> [Supplied material]
============
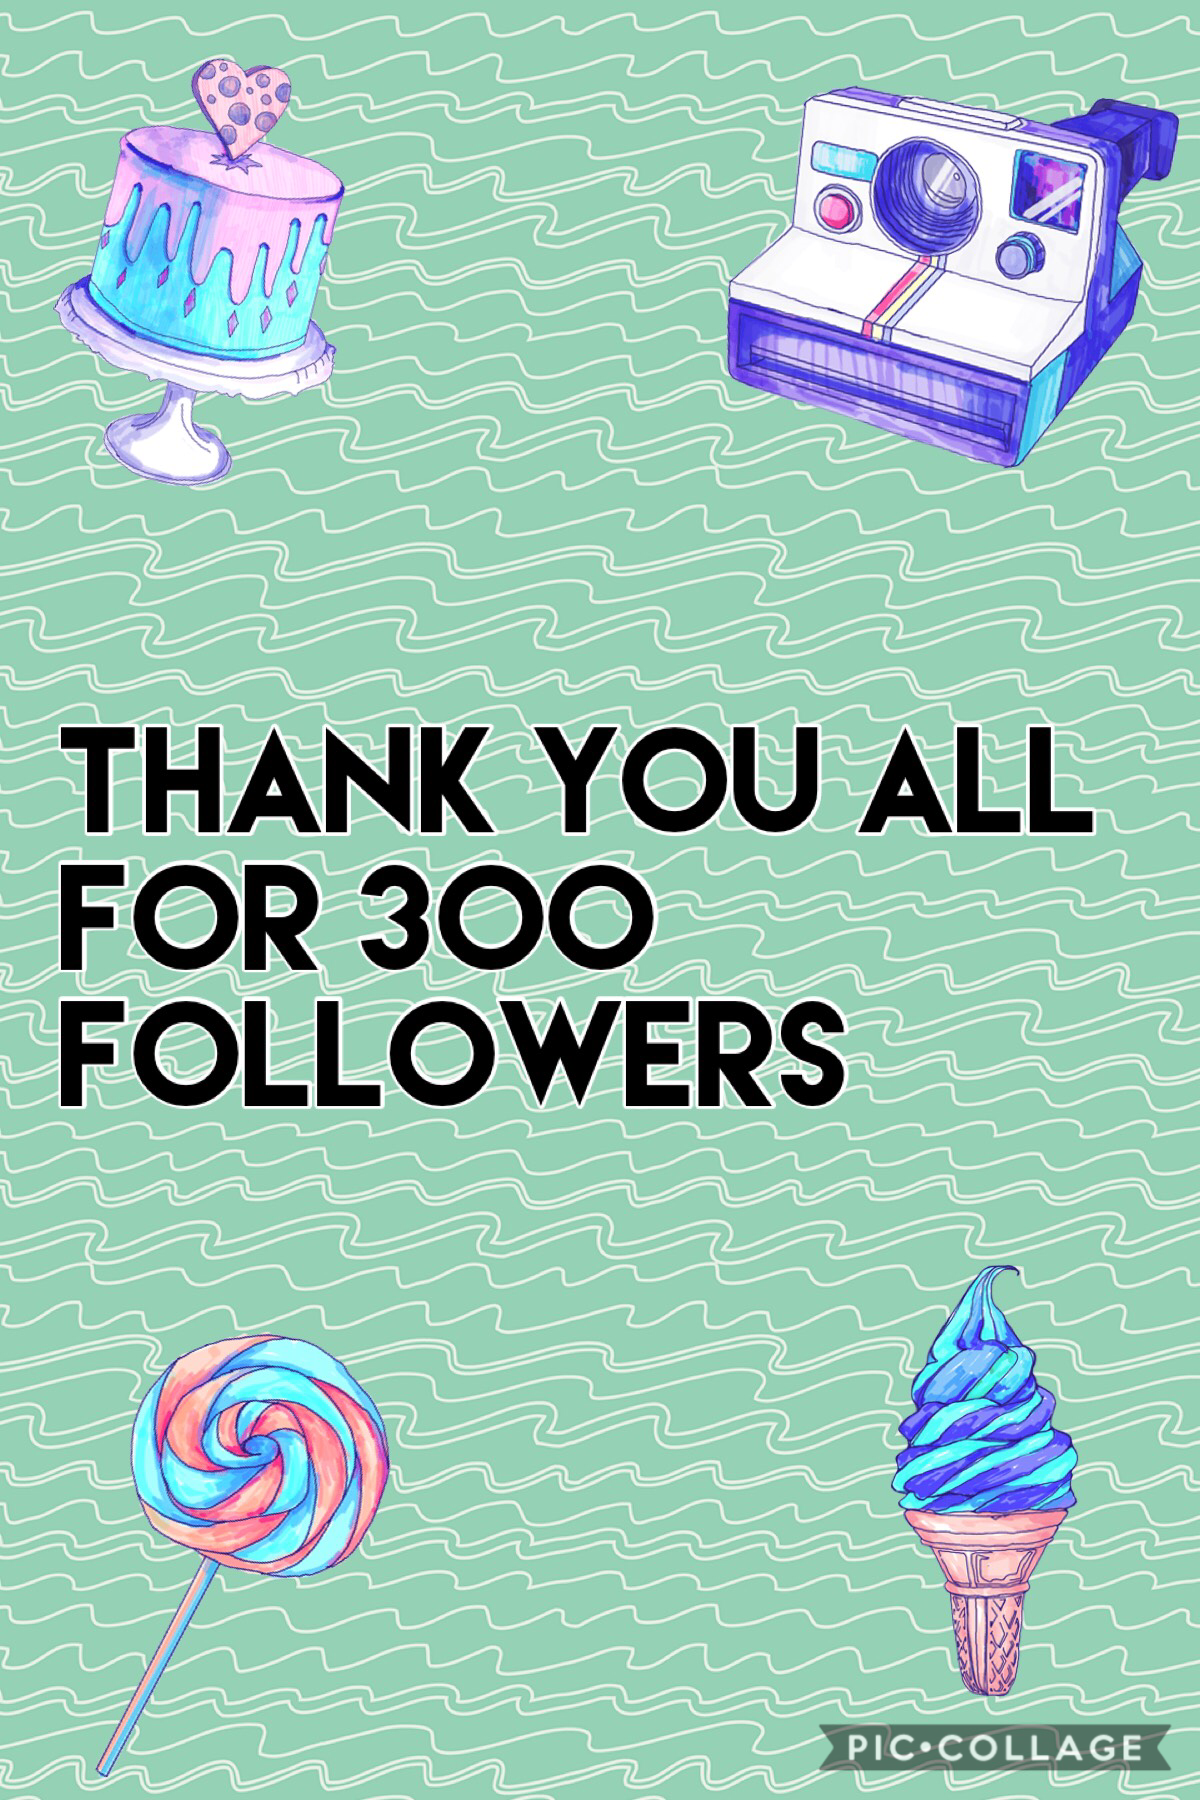 Thank you all for 300 followers 
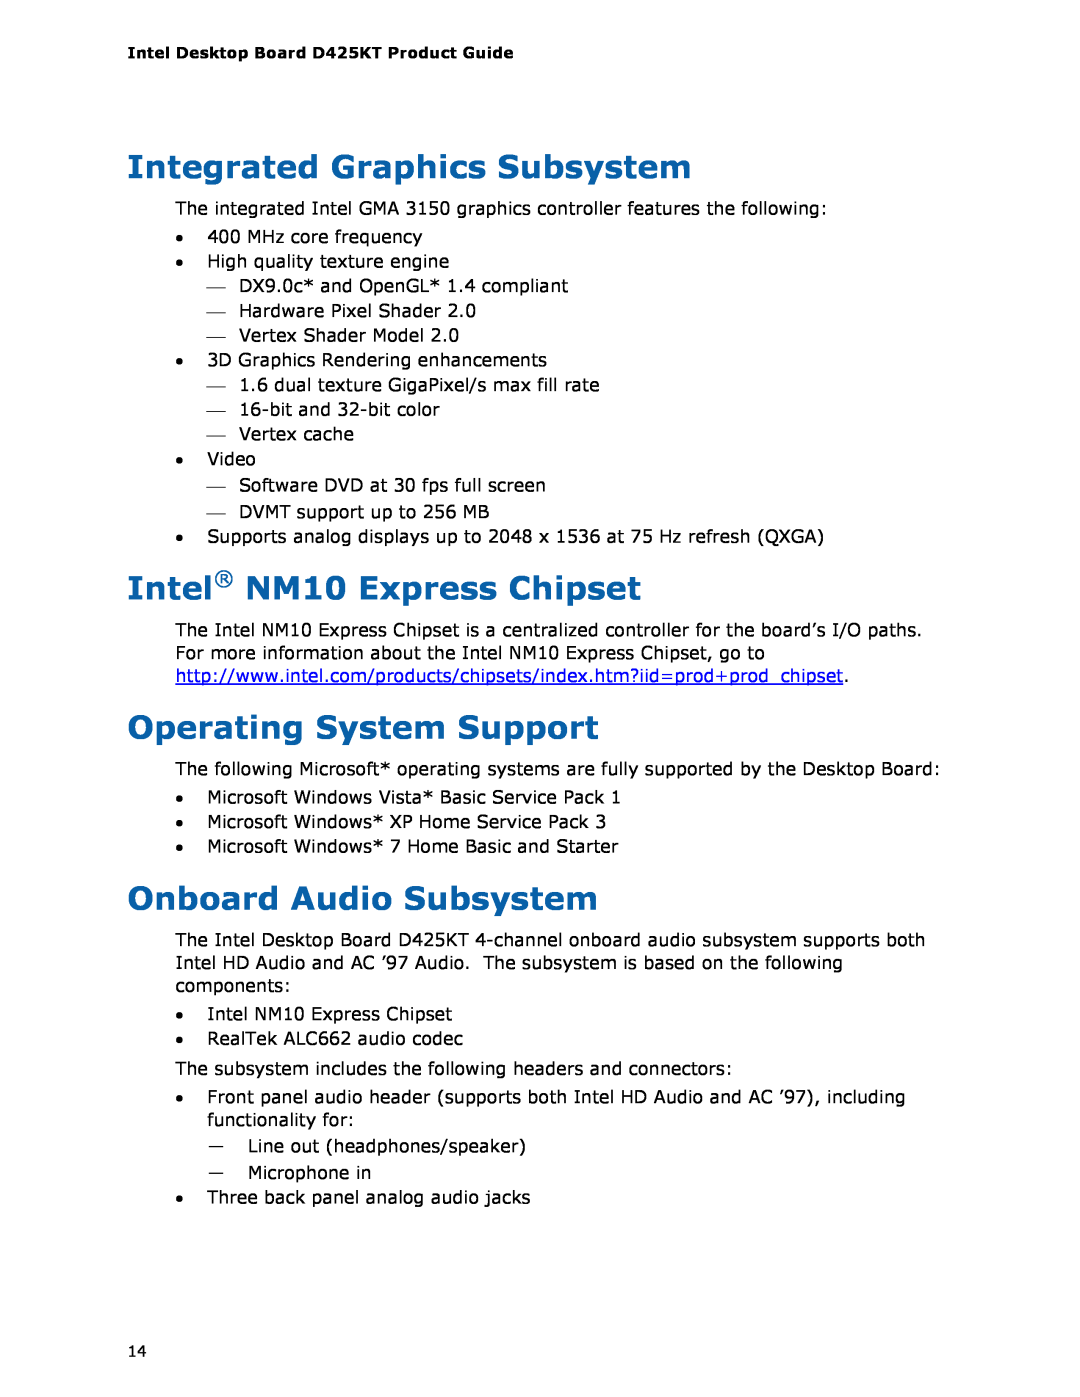 Intel D425KT Integrated Graphics Subsystem, Intel NM10 Express Chipset, Operating System Support, Onboard Audio Subsystem 
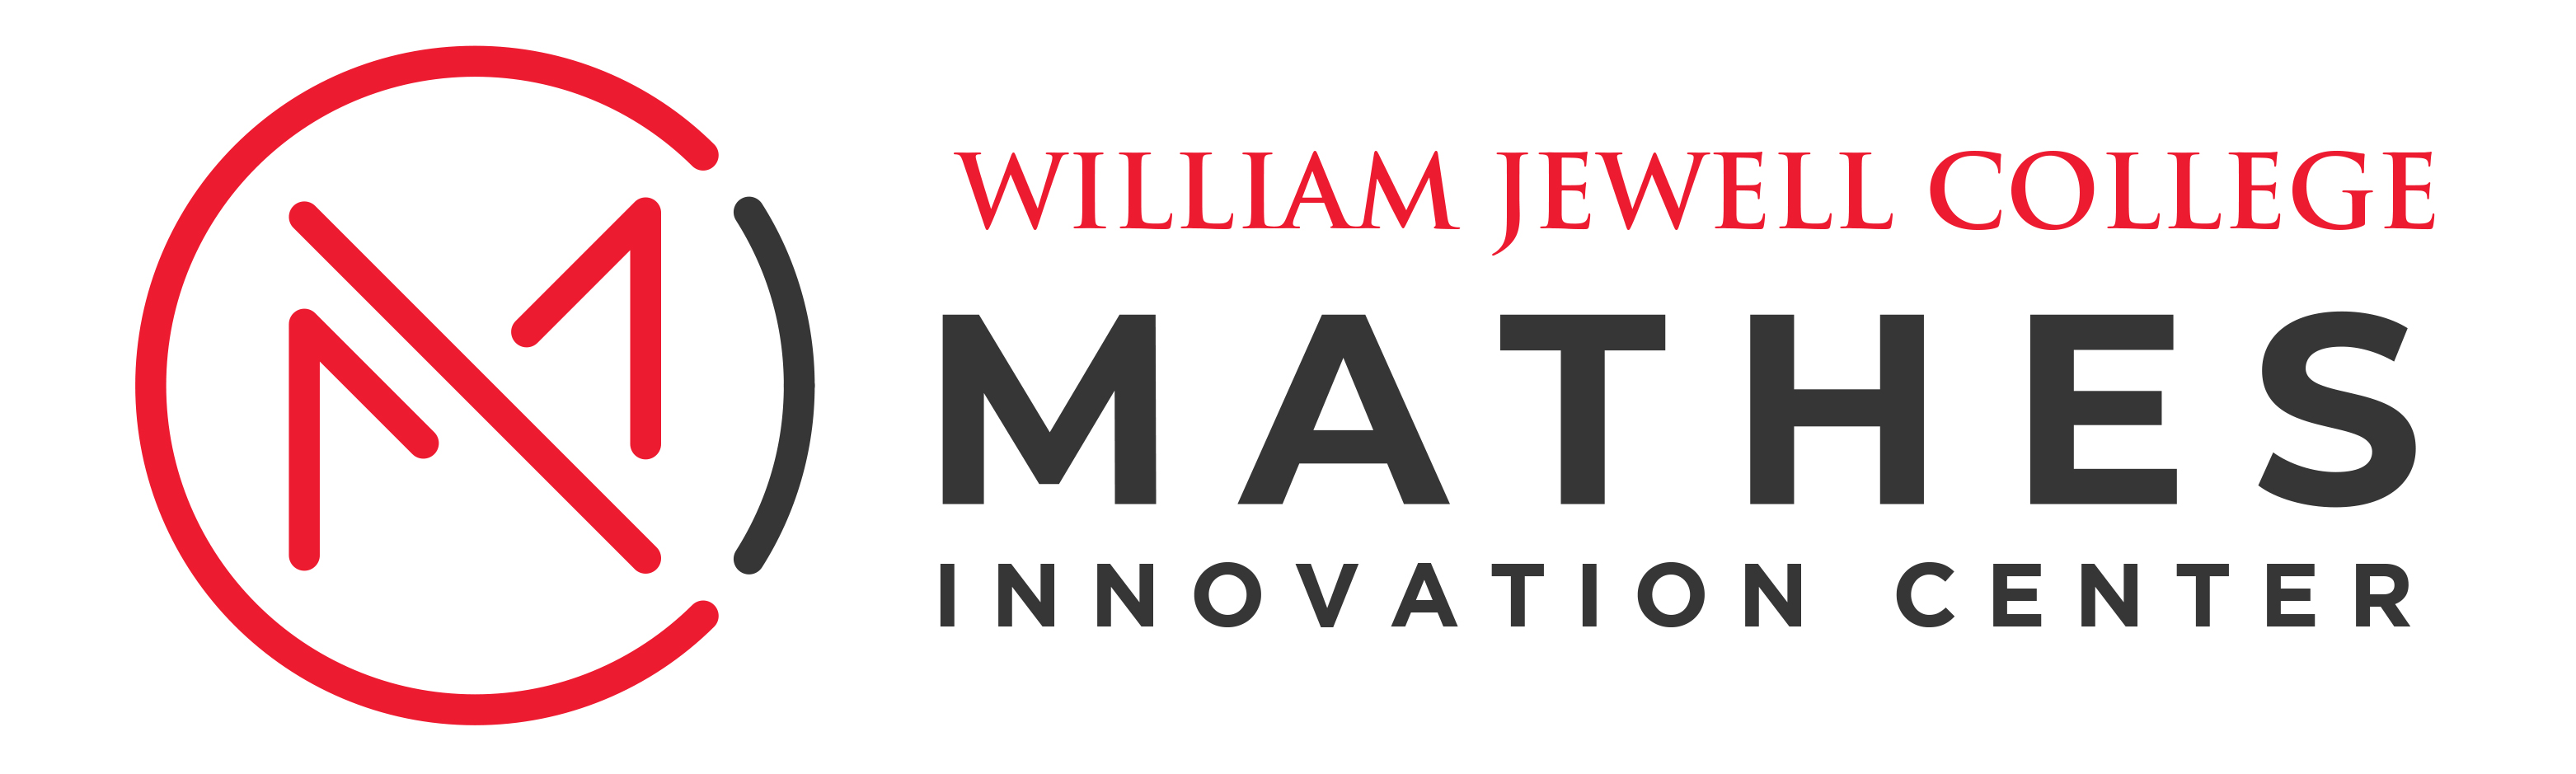 Mathes Innovation Center at Jewell
============
> [Problem to work on] Would you copy out all the data exactly, without the images?

> [Exercise answer]
 Thank you all for 300 followers 
 Intel D425KT Integrated Graphics Subsystem, Intel NM10 Express Chipset, Operating System Support, Onboard Audio Subsystem 
 Mathes Innovation Center at Jewell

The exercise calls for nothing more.